Starting a trucking company can be an intimidating business operation. But with help from trucking industry experts, it doesn’t need to be. Whether you have been a company truck driver or are a new owner-operator, starting a trucking business can be a beneficial move.

Multiple steps need to be followed to start a successful trucking business and avoid mistakes that will cost you. The following content will provide detailed information on how to start a trucking company.

Develop a Business Plan

When starting a trucking company, the first thing that must be done is developing a plan for your business. For both large and small businesses, a business plan must be made. This plan outlines everything that the trucking company wants to accomplish. A clear plan will explain how the trucking company will operate and will set guidelines for success.

How to write a business plan:

  • Executive Summary – This section sets the plans and goals of the business.

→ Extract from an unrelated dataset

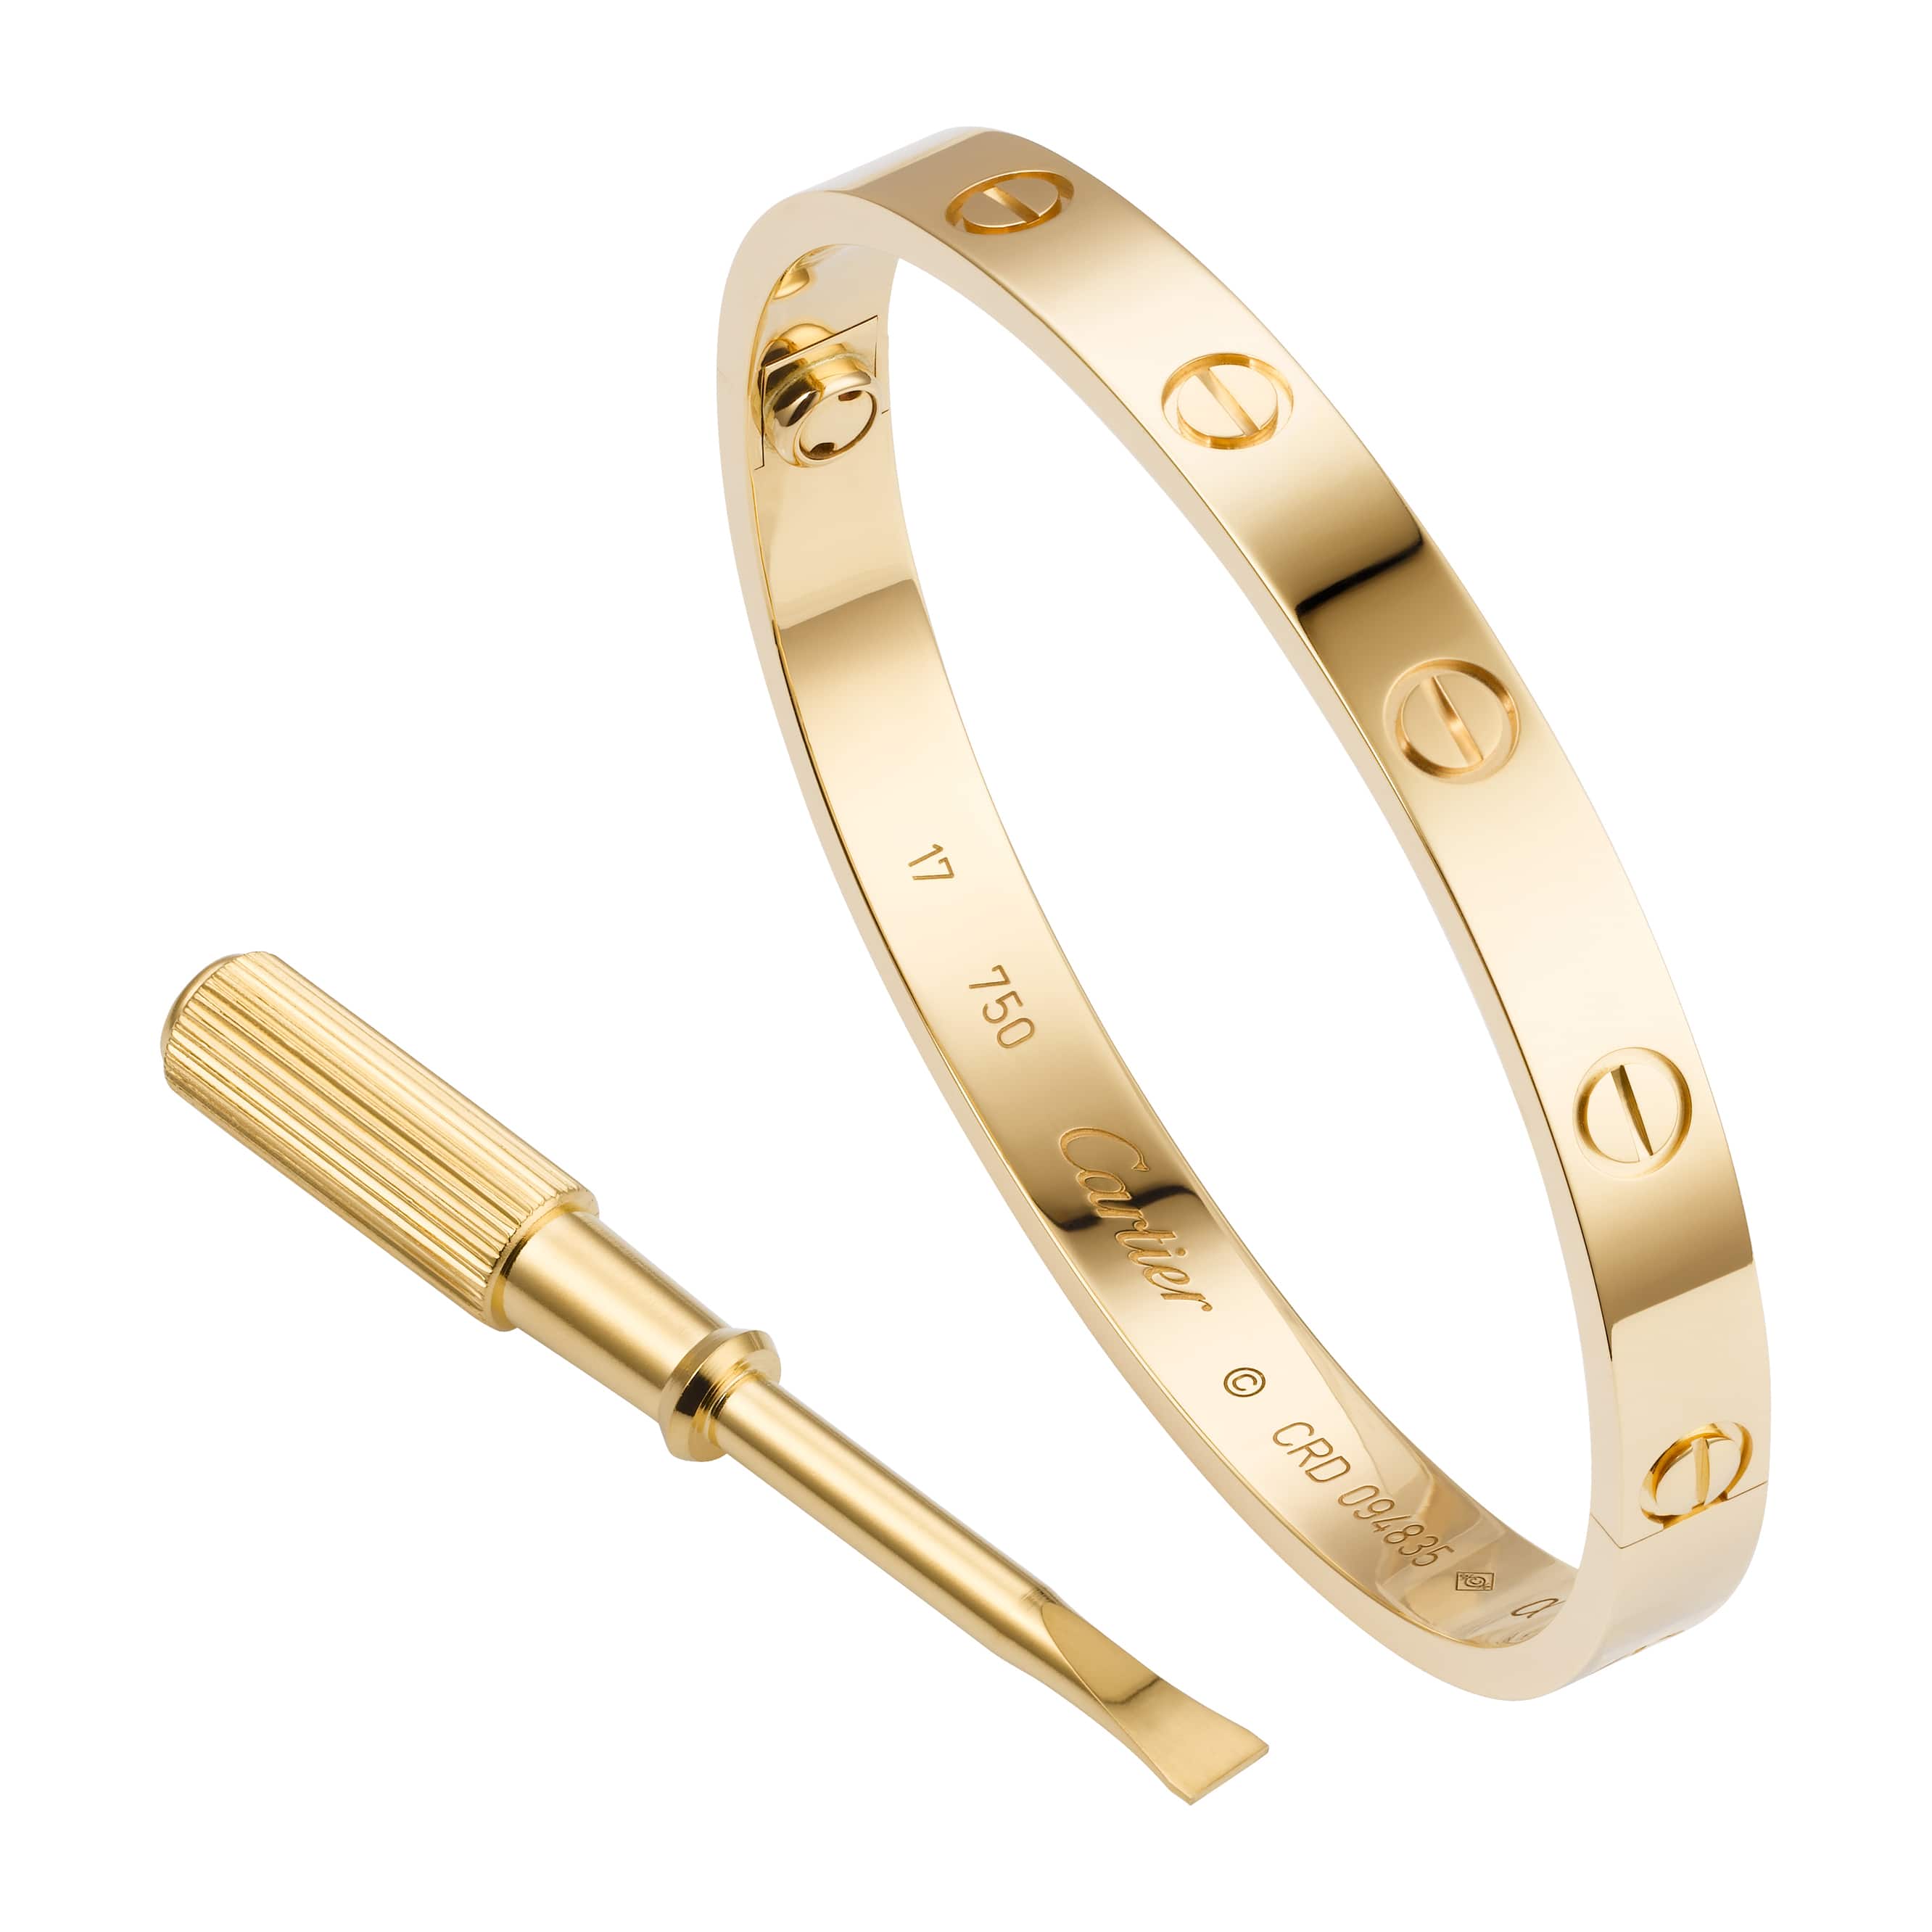 Cartier-love-bangle-gold-iconic-cult-jewellery | Solitaire Magazine

  • Company Description – Describe the company in detail, how it will operate, and why it is unique compared to competitors within the trucking industry.

  • Pro Forma – This section is a financial statement that sets our preliminary budgeting for the trucking company. It is imperative to determine what amounts of cash flow and revenue are needed for the business to compete and grow.

  • Services – Outline the services of the business including pricing, materials, and industries.

  • Market Analysis – Go into details here about the target market, including size, customer base, and geographical region. Also, be sure to include an entire overview of the industry.

  • Sales and Marketing – Identify a strategy of how to gain market share. Include a sales plan and implementation in this section as well.

  • Final Projections – Present financial goals and predict profits, cash flow, and sales forecast. Also, include a 5-year plan of business growth.

Good companies become great companies by adapting to the market, using comparative advantages, and positioning themselves with customers with similar characteristics and cultures.

Choose a Business Entity: Sole Proprietorship or Limited Liability Company

It’s a good idea to decide what business entity to form at the beginning of the process. The two most common entity’s in the transportation industry are Sole Proprietorship and Limited Liability Companies (LLC).

Sole Proprietorship

This is the most common business structure as it’s the easiest one to create. Under this entity, the sole proprietor owns the business himself. The trucking company’s profits and losses are treated as income and losses of the owner on their income tax return.

The biggest concern of a sole proprietorship is a liability. If a lawsuit is filed against a sole proprietorship, it is essentially being filed against the company’s owner and not the business itself. The owner is completely liable for the lawsuit.

Steps to help when forming a sole proprietorship:

  • When forming a sole proprietorship under a name other than the owner’s name, a “Doing Business As” (DBA) Certificate must be filed. DBAs are filed at the local clerk’s office where the trucking company will operate.

  • Start the business. There is no additional paperwork that needs to be filed – it’s a quick and easy setup.

Limited Liability Company

A Limited Liability Company (LLC) has a lot more protection than a Sole Proprietorship but is also an unincorporated business. Since there is no corporate tax for an LLC, all profits and losses are reported on each member’s individual tax return. An LLC is not completely separate from its members, but the members are not liable for lawsuits filed against the business. This is the biggest advantage compared to a sole proprietorship.

Steps to help form an LLC:

  • All documents must be filed within the state that the trucking company will be operating in. Documents that need to be filled include Articles of Organization and an Operating Agreement.

  • Create an Operating Agreement. This works as an internal document that outlines how your business will run, the business you decide to operate, payroll and share of profit and losses. Some states require you to have an operating agreement, but you don’t need to file it with them. Articles of Organization is a required document from all states.

  • Start the trucking company!

Buying or Leasing a truck

Some truck drivers may already own a truck before starting their own businesses, but that is not always the case. Deciding whether to buy or lease a truck is the next big decision that needs to be made. This decision will come down to personal preference and financial situation.

Buying a Truck

From a long-term perspective, purchasing a truck is a great option, and you’ll save thousands of dollars in the long run. A big advantage with an owned truck is the trucking insurance premiums will be lower than with a leased truck.

However, buying a truck required a large

down payment. Usually, the down payment for a new truck is 10% of the purchasing price and 25% for a used truck. So, for a $100,000 new truck, the down payment would cost $10,000. If buying a truck isn’t in the budget, then leasing one is the next best option.